Google I/O 2026: Gemini 2.5 Ultra and the Local Android Agent Bus Unleashed
By Vatsal Shah · May 24, 2026 · AI / Google · Source: Google Blog
- Local Sovereignty: Gemini 2.5 Ultra shifts agentic inference from cloud server Farms directly onto the mobile device's physical NPU.
- Android Agent Bus: A new OS-level IPC bus allows installed applications to register tool endpoints, making apps natively callable by the local model.
- Microsecond Latency: Bypassing cloud roundtrips reduces tool-calling latency from 1.2 seconds down to less than 15 milliseconds.
- Hardware-Level Sandboxing: Privacy is enforced by the Private Compute Core (PCC), guaranteeing zero network data egress during execution.
What Happened
At the Shoreline Amphitheatre in Mountain View, Google I/O 2026 kicked off with a paradigm-shifting keynote focused entirely on local autonomy. The headline announcement was the dual release of Gemini 2.5 Ultra (Local Edition) and the Android Agent Bus (AAB). Together, these technologies move the agentic computing revolution from remote clouds straight into the consumer's palm.
Gemini 2.5 Ultra is a highly optimized Edge model capable of run-time inference on modern mobile hardware, delivering 150 tokens per second locally. The model is specifically tuned for function calling, structured schema output, and low-bit quantization. It runs on the device’s Neural Processing Unit (NPU), requiring no external server connectivity to perform complex multi-step reasoning.
To support this local model, Google introduced the Android Agent Bus. Built directly into the Android System Server, the AAB acts as a secure, local-first message broker that lets apps register functional capability intents. Gemini 2.5 Ultra can then orchestrate complex workflows across multiple local apps without sending user data over the internet.
During the keynote, Google's VP of Android Engineering demonstrated a live, voice-activated agent workflow. The agent was asked to scan incoming receipts from the local filesystem, extract the total amounts, check the local banking app for recent transactions, and draft an expense report in Google Sheets—all while the device was completely in Airplane Mode. The entire task completed in less than 3 seconds, showcasing a massive leap over current cloud-dependent orchestrations.
The developer audience reacted with high enthusiasm. For years, mobile developers have struggled with the trade-offs of embedding AI: either pay massive cloud server costs and accept latency penalties, or run small, dumb models locally. Gemini 2.5 Ultra represents a middle path, delivering high-tier reasoning directly on consumer hardware.

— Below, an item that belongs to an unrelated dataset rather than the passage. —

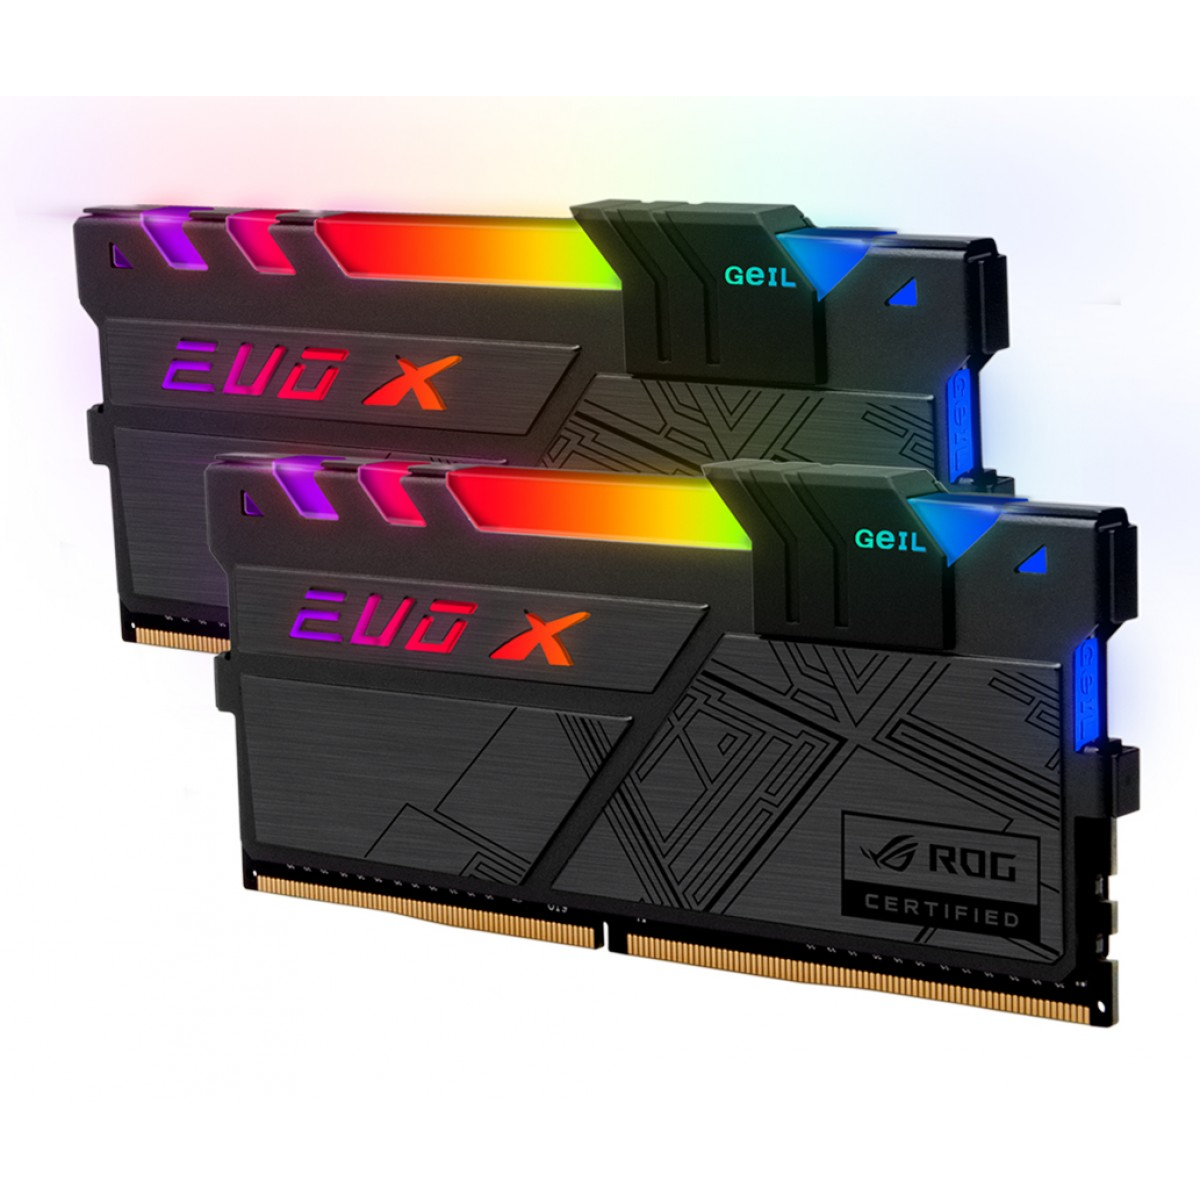 Memória DDR4 Geil EVO X II RGB, 16GB (2x8GB) 3600MHz, ROG CERTIFIED, Black, GREXSR416GB3600C18ADC

The Architecture of the Local Android Agent Bus
The core innovation that enables on-device agentic loops is the OS-level integration of the Android Agent Bus. Traditionally, mobile applications operate within strict sandbox boundaries, communicating only through rigid, pre-declared Intents or Content Providers. This layout makes it difficult for a local model to dynamically query, coordinate, or manipulate multiple applications at once.
The Android Agent Bus replaces this rigid structure with a dynamic, low-latency publish-subscribe bus built on Android's IPC Binder mechanism. When the system boots, the AgentBusService initializes a secure registry of tool capabilities. Gemini 2.5 Ultra queries this registry when analyzing a user’s prompt to determine which apps can fulfill parts of the task.
At the kernel level, the AAB uses a dedicated memory region mapped across processes. When Gemini 2.5 Ultra decides to call a local tool, the system server coordinates the transaction through a custom Binder driver implementation (/dev/binder-agent). This driver bypasses the traditional overhead of serialization and deserialization by utilizing shared memory handles (Ashmem) to pass structured parameters between the model's context sandbox and the target application.
Furthermore, the AAB implements a real-time scheduler that prioritizes agent-related IPC messages. Traditional Binder transactions are processed on a first-come, first-served basis, which can lead to UI stuttering or thread starvation under heavy load. The AAB solves this by introducing a "High-Priority Agent Execution" thread pool within the Android System Server, ensuring that local model calls are processed in microseconds rather than milliseconds.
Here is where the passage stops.